“希望這一次,我主當得天佑,凱旋而歸!”
……
東風谷邊沿。
“殺啊!!”
伊藤輝此時完全已經殺紅眼了,在他眼中前方狼狽竄逃的正陽王根本不是冒頓的胞弟,僅僅是一隻等待被狩獵命運的獵物,沿途伊藤輝這五千輕騎不斷咬住正陽王護衛軍的尾巴,足足追襲斬殺了近千人,眼下還有性命跟著繼續逃的,頂多也就一千多人的規模。
“王爺,王爺!繞進前面那道谷口,只要命令尾隨軍卒原地列陣,我等便可保全性命逃回大營了!”
從旁幾個謀士看上去比正陽王還興奮,畢竟像他們這種早已高官厚祿加身的文臣,往往是最貪生畏死的一批,哪還有心思顧忌手下將士們的生死,只要自己能活下去,要他們做什麼都成!
尷尬的是正陽王這個一軍領袖,也跟這些廢物一個想法!
“不行了,我的馬快跑不動了,列陣,馬上列陣,就算用你們的身體扛,也要給我擋住那個該死的伊藤輝!”
“王爺,那邊有座橋,先過了橋再說!”
眼見這一群匈奴王護衛如同喪家之犬一般跌跌撞撞的向前逃竄,背後東胡士兵們在右賢王的帶領下殺的正起勁,只顧一味追上去,誓要取下正陽王人頭方能罷手!

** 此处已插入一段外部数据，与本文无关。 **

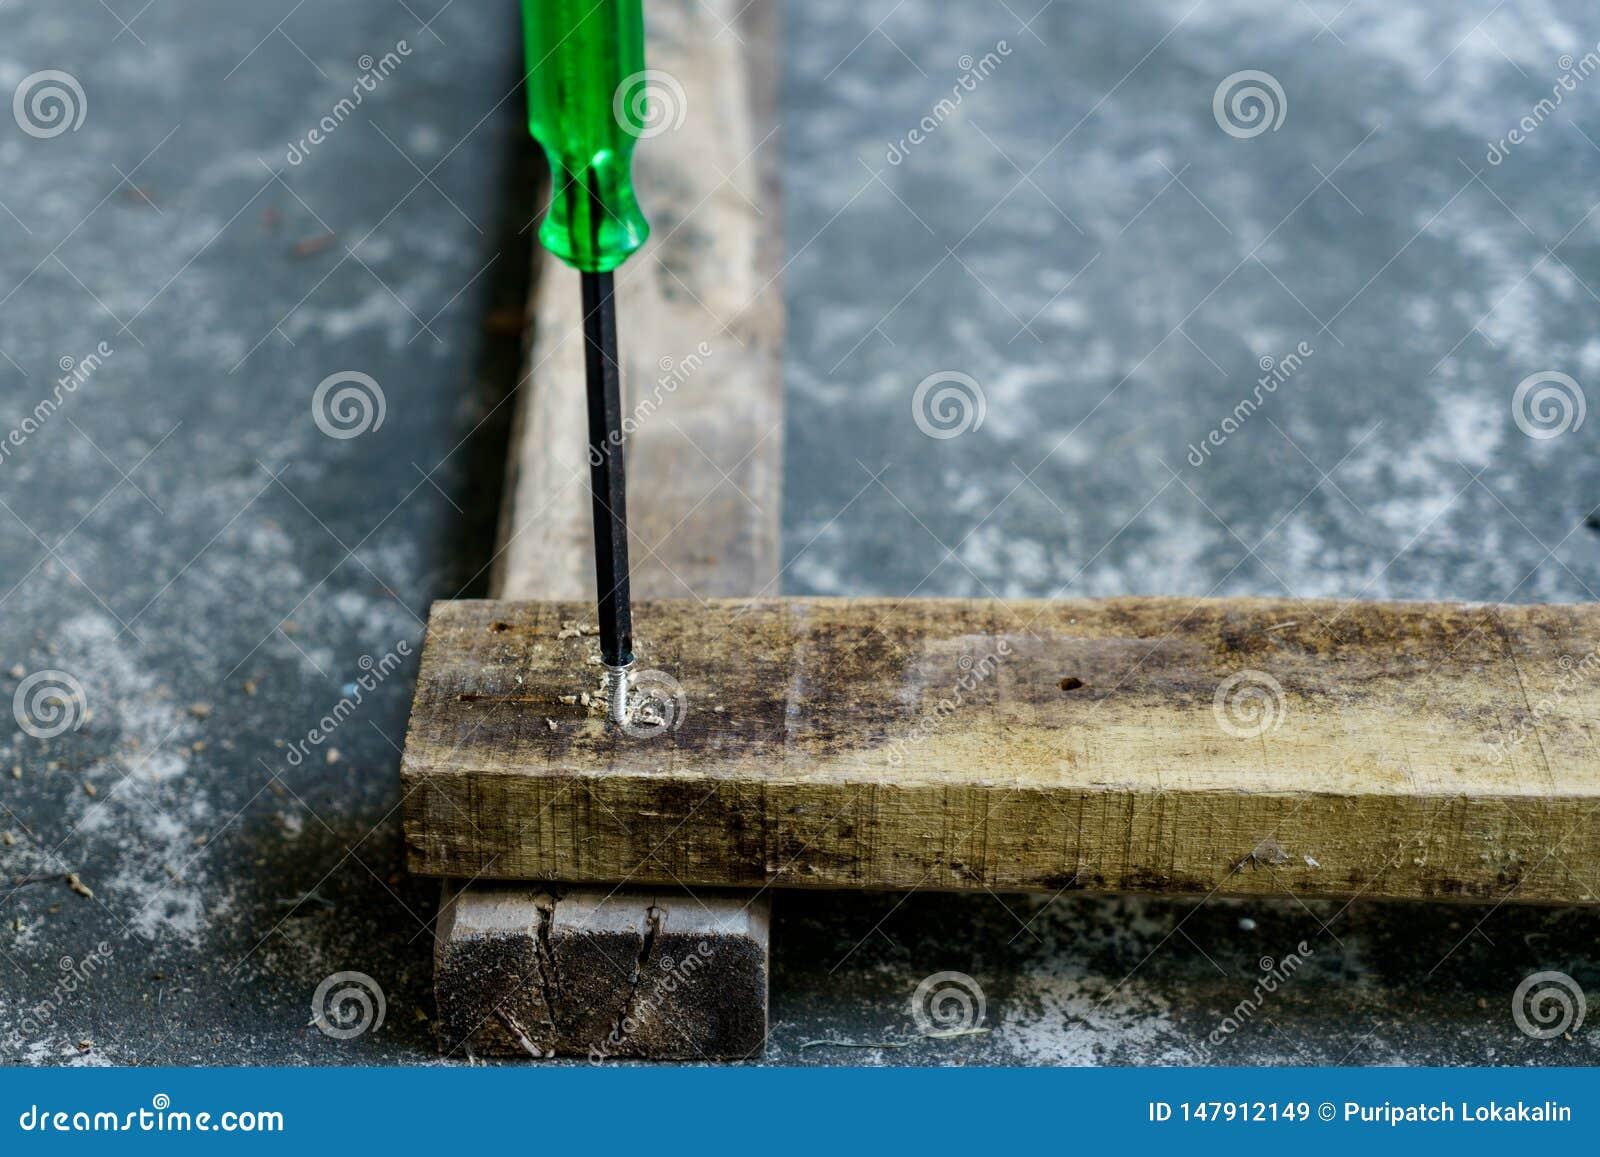 Skruvmejsel, trä och skruv för snickares jobb

兩方人馬先後度了那石橋,算是進入了東風谷的正域,隨著匈奴一方人牆式的軍陣再度鋪展開來,正陽王看上去似是得到了最後一個得以喘息的機會,若能抓住這個契機,他還有希望逃出生天。
“正陽王小兒,看來你還沒有感到絕望啊,那麼這一次,我倒要看看你還有如何脫身之法,給我衝過去!”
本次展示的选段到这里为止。